Distributed Model Predictive Control for Cooperative Multirotor Landing on Uncrewed Surface Vessel in Waves

TL;DR

This work addresses autonomous landing of a multirotor on a USV in wave environments using a sequential distributed MPC framework. The key idea is to augment standard tracking MPCs with artificial intermediate goals exchanged between the UAV and USV, enabling consensus landing without full trajectory sharing, and to integrate a spatial-temporal wave map $f_W(\cdot)$ to time the landing while minimizing USV tilt via a tilt-cost. The approach yields three concrete benefits: (1) robust coordination under limited bandwidth and potential comms loss, (2) real-time optimization of a safe landing location and timing, and (3) a practical mechanism to prefer calmer water regions before touchdown.

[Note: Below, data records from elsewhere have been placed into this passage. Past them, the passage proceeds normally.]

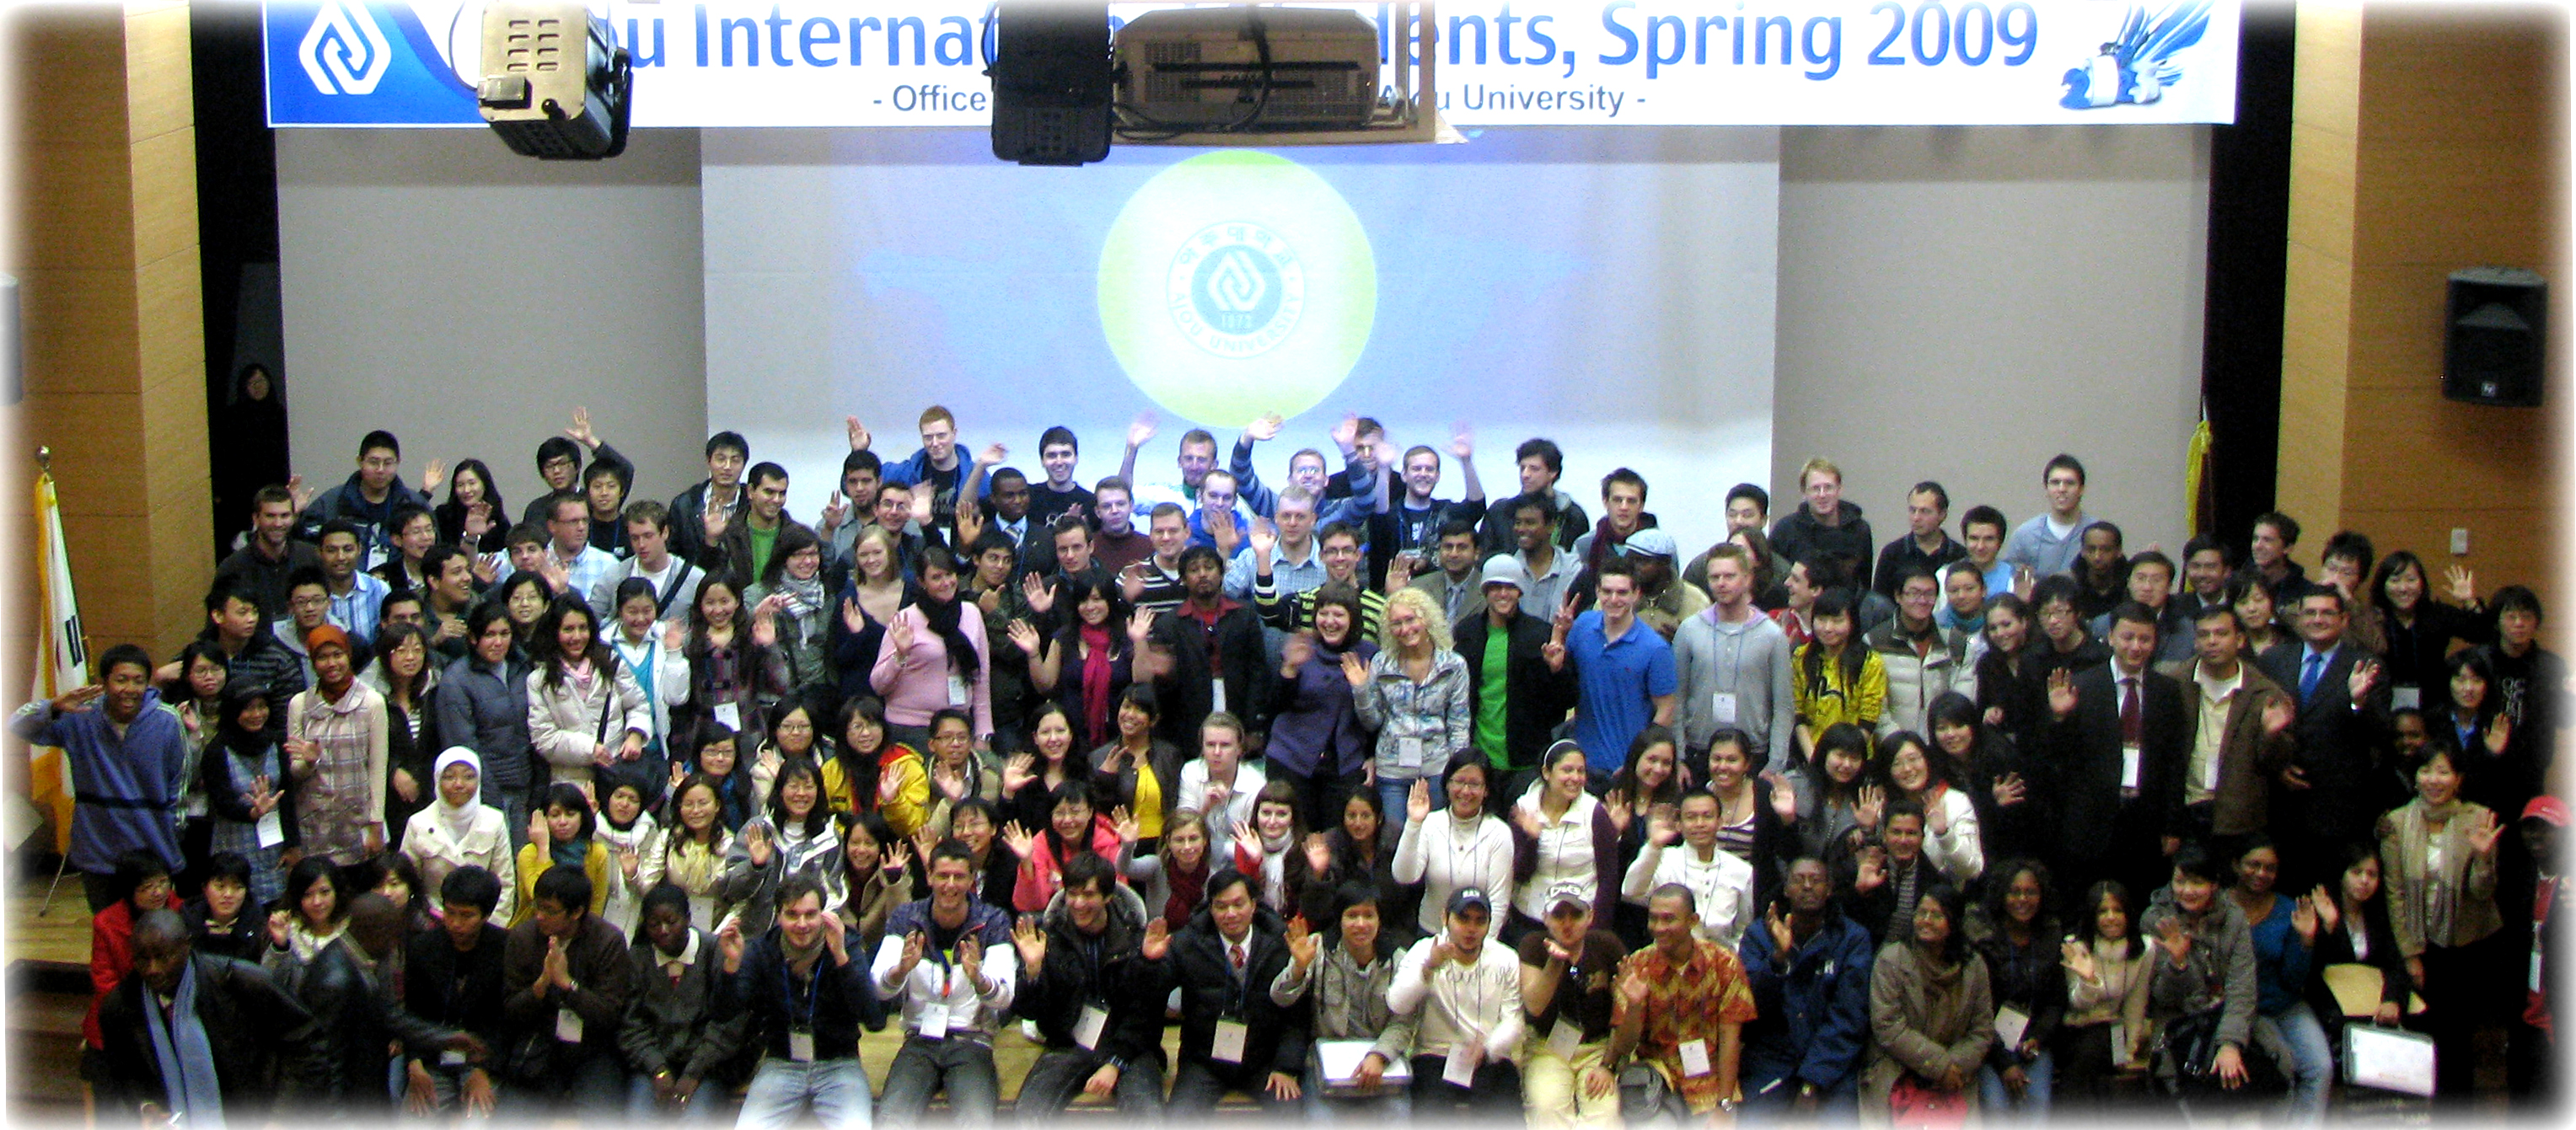 Orientation for International students for 2009 spring semester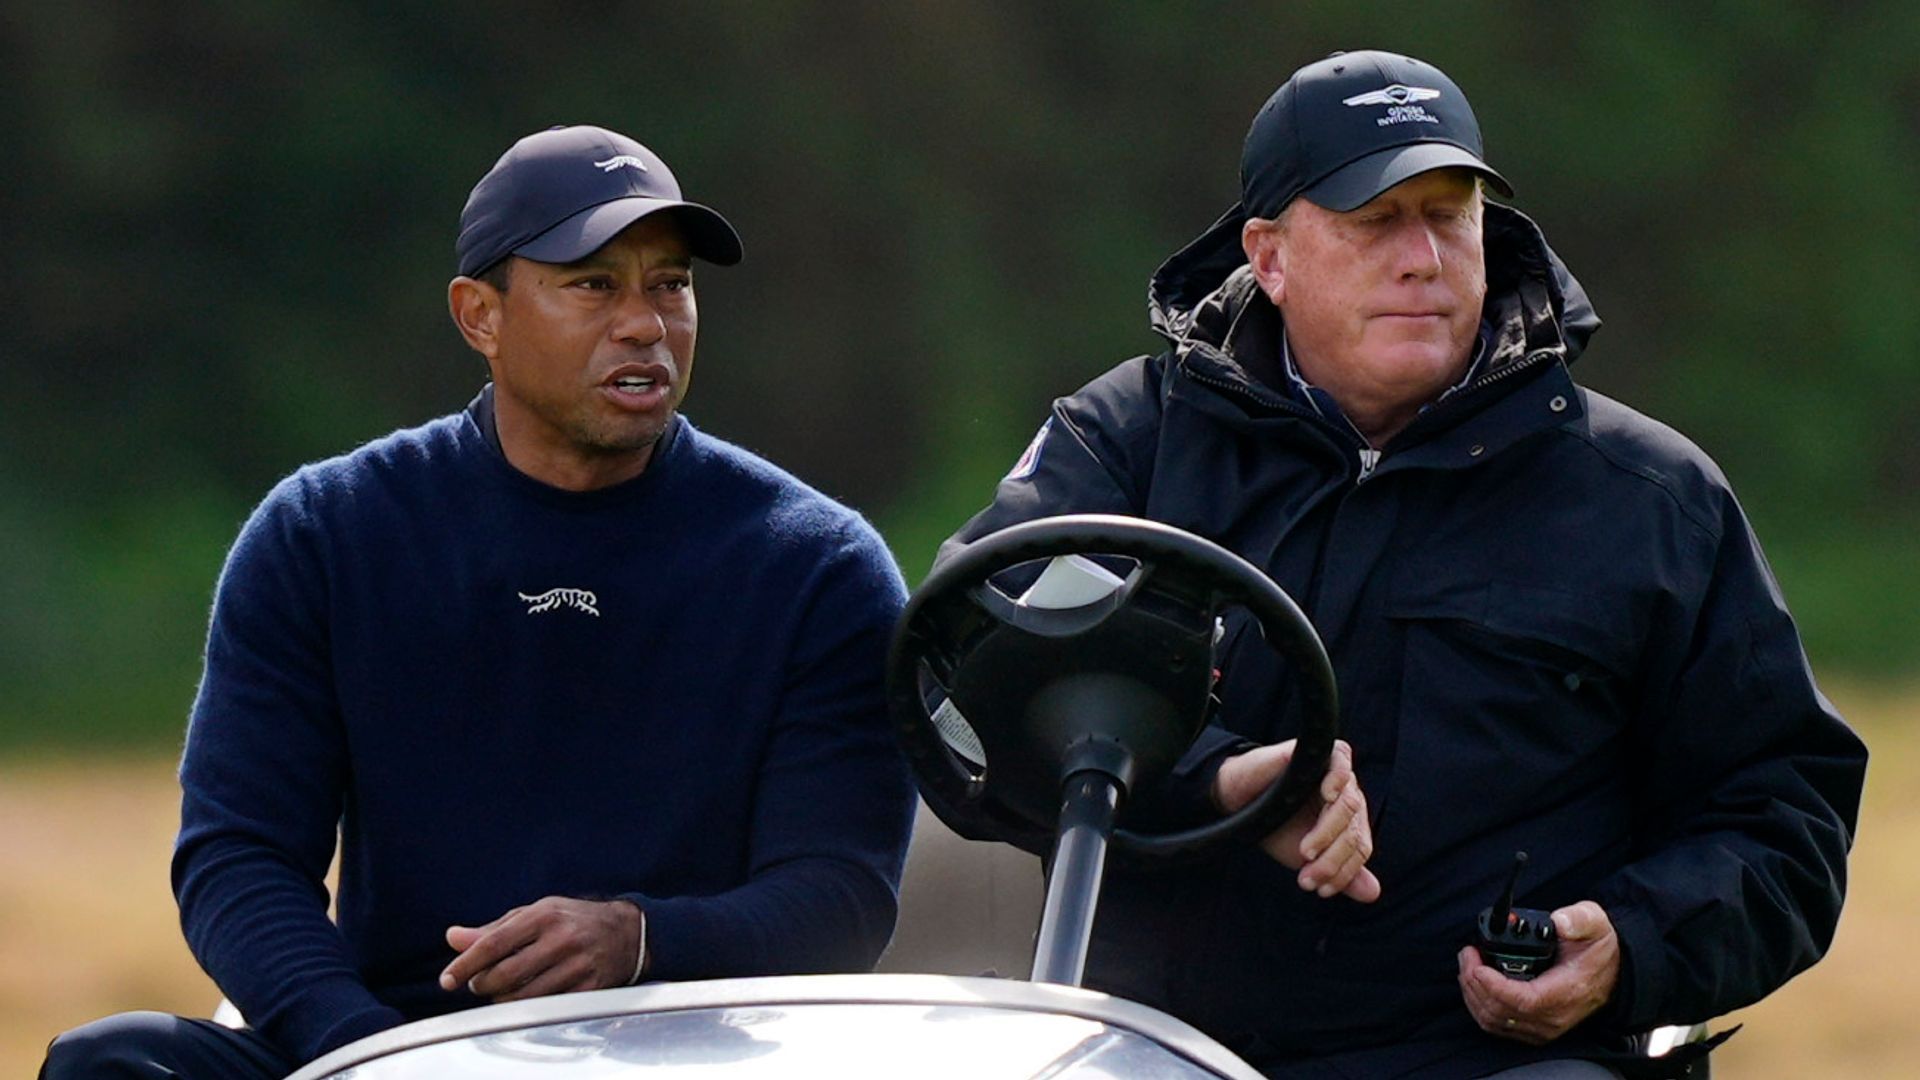 Woods withdraws mid-round in Genesis Invitational comeback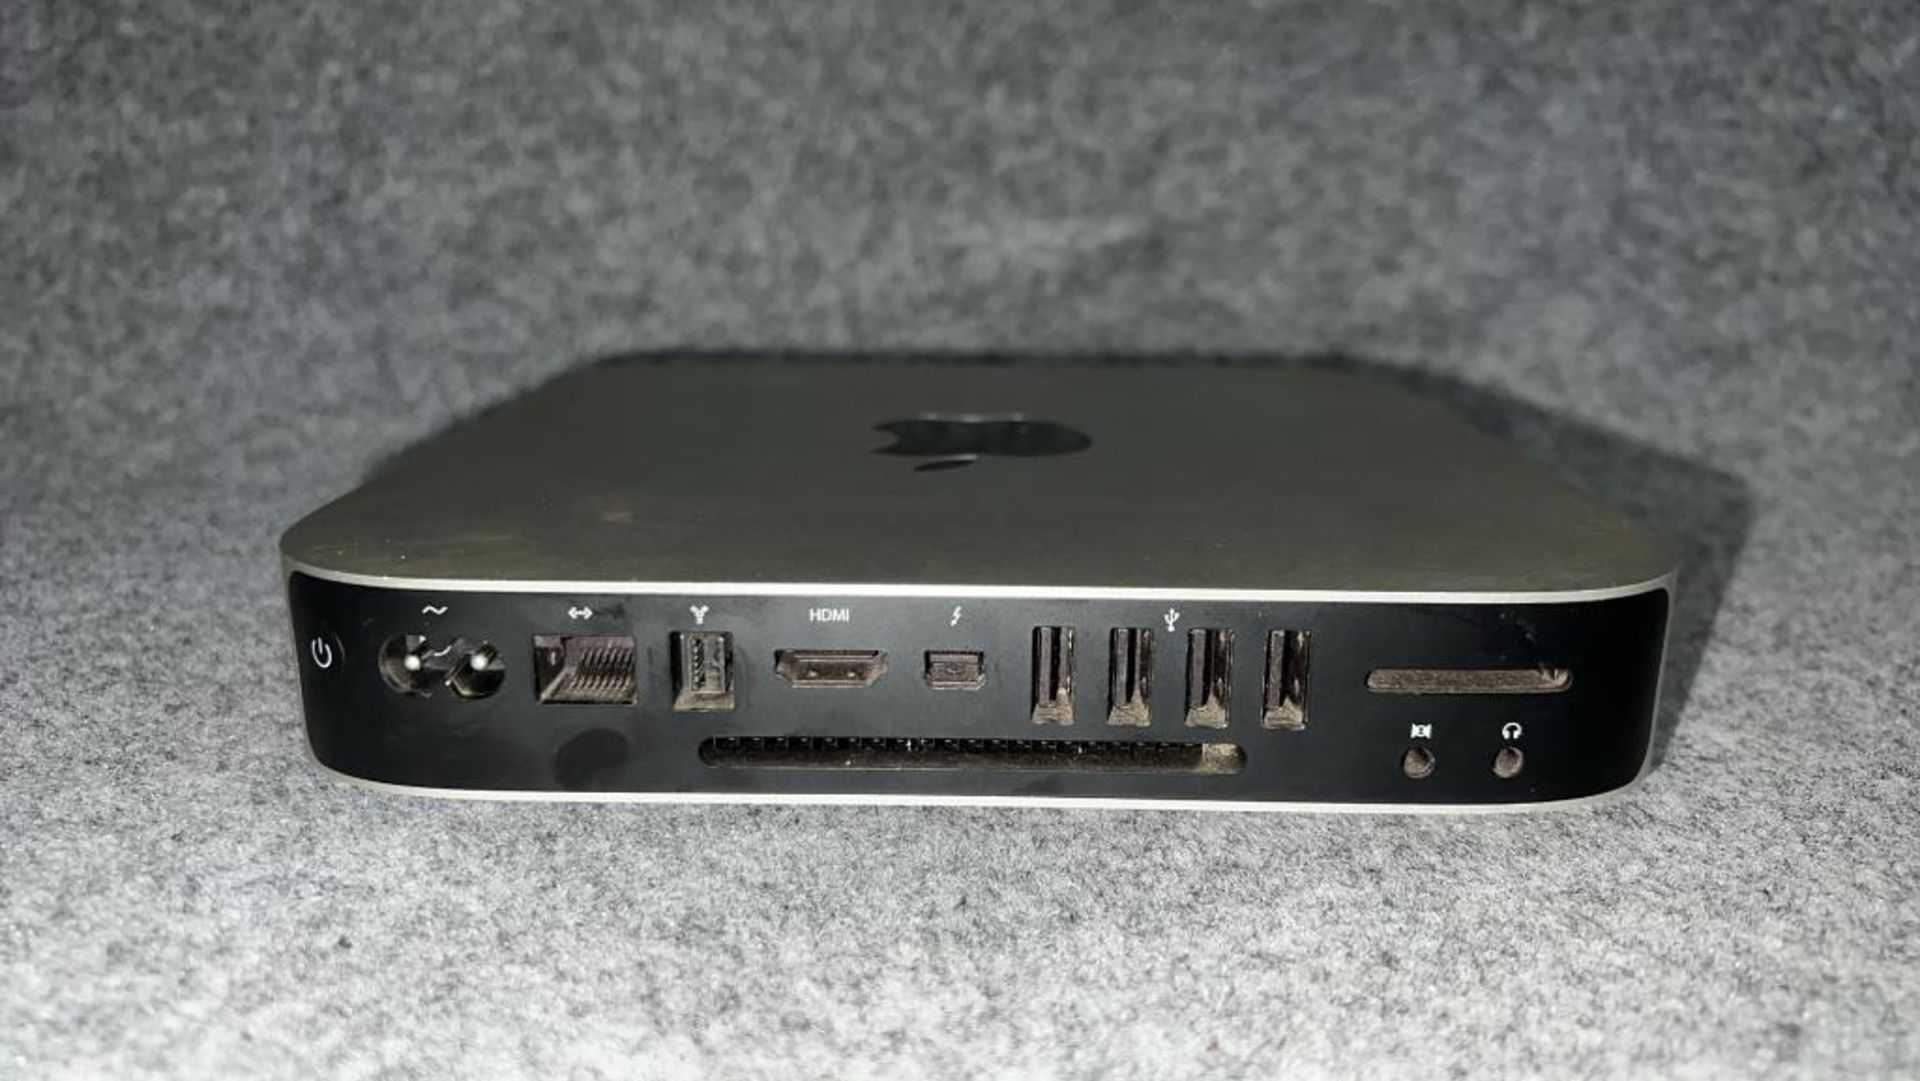 MAC mini server - late 2010, model A1347- spec unknown - Image 4 of 7

The simulations compare 'Cooperative', 'Calm', and 'Ride the Wave' strategies, showing that steering toward calmer waters ('Calm') reduces tilt and improves safety, with a tunable trade-off between tilt minimization and landing speed controlled by $\lambda_m$. Future work includes online learning of the wave map $f_W(\cdot)$ and experimental validation on physical UAV-USV platforms.

Abstract

Heterogeneous autonomous robot teams consisting of multirotor and uncrewed surface vessels (USVs) have the potential to enable various maritime applications, including advanced search-and-rescue operations. A critical requirement of these applications is the ability to land a multirotor on a USV for tasks such as recharging. This paper addresses the challenge of safely landing a multirotor on a cooperative USV in harsh open waters. To tackle this problem, we propose a novel sequential distributed model predictive control (MPC) scheme for cooperative multirotor-USV landing. Our approach combines standard tracking MPCs for the multirotor and USV with additional artificial intermediate goal locations. These artificial goals enable the robots to coordinate their cooperation without prior guidance. Each vehicle solves an individual optimization problem for both the artificial goal and an input that tracks it but only communicates the former to the other vehicle. The artificial goals are penalized by a suitable coupling cost. Furthermore, our proposed distributed MPC scheme utilizes a spatial-temporal wave model to coordinate in real-time a safer landing location and time the multirotor's landing to limit severe tilt of the USV.

Figures (6)

• Figure 1: Block diagram of our proposed distributed model predictive control (MPC): Our approach uses standard tracking MPCs for a multirotor and USV augmented with artificial goal locations. Each vehicle solves an individual optimization problem for both the artificial goal and an input that tracks it but only communicates the former. Our proposed distributed MPC simultaneously finds a consensus landing location between the UAV and USV (through cooperation cost $J^{\text{co-op}}(\cdot)$), tracks it (through a tracking cost $J^{\text{track}}(\cdot)$), and leverages a spatial-temporal wave model $f_W(\cdot)$ to optimize a location and time that aids safe landing by minimizing large tilt angles of the USV (through a tilt cost $J^{\text{tilt}}(\cdot)$).
• Figure 2: Visualization of multirotor trajectory (solid red), multirotor goal (dashed red), USV trajectory (solid yellow) and USV goal (dashed yellow) using a distributed MPC framework with no tilt cost $J^{\text{tilt}}(\cdot)$ for either vehicle in (a) "Cooperative" Strategy, our proposed $J^{\text{tilt}}_S(\cdot)$ in (b) "Calm" Strategy and an alternative tilt cost in (c) "Ride the Wave" Strategy. Our proposed "Calm" Strategy leads to a lower tilt of the USV before reaching a consensus on the final landing location.
• Figure 3: Trade-off between average tilt at the landing location vs the distance the USV travels. As we increase the weight on $\lambda_S$, the tilt at landing decreases but the USV has to travel further to enable this.
• Figure 4: Visualization of multirotor trajectory (solid red), multirotor goal (dashed red), USV trajectory (solid yellow) and USV goal (dashed yellow) using a distributed MPC framework our proposed $J^{\text{tilt}}_S(\cdot)$ where there is a $10$ s communication loss between the vehicles at (a) $0.02$ s and (b) $5$ s. Our proposed approach is robust to communication breaks.
• Figure 5: Visualization of multirotor altitude as it descends to land for increasing $\lambda_m$. For $\lambda_m > 10000$ (dashed and dotted black), the multirotor is very sensitive to small changes in the tilt at landing and, therefore, takes longer to land. We propose $\lambda_m \approx 10000$ (solid red) to balance this trade-off.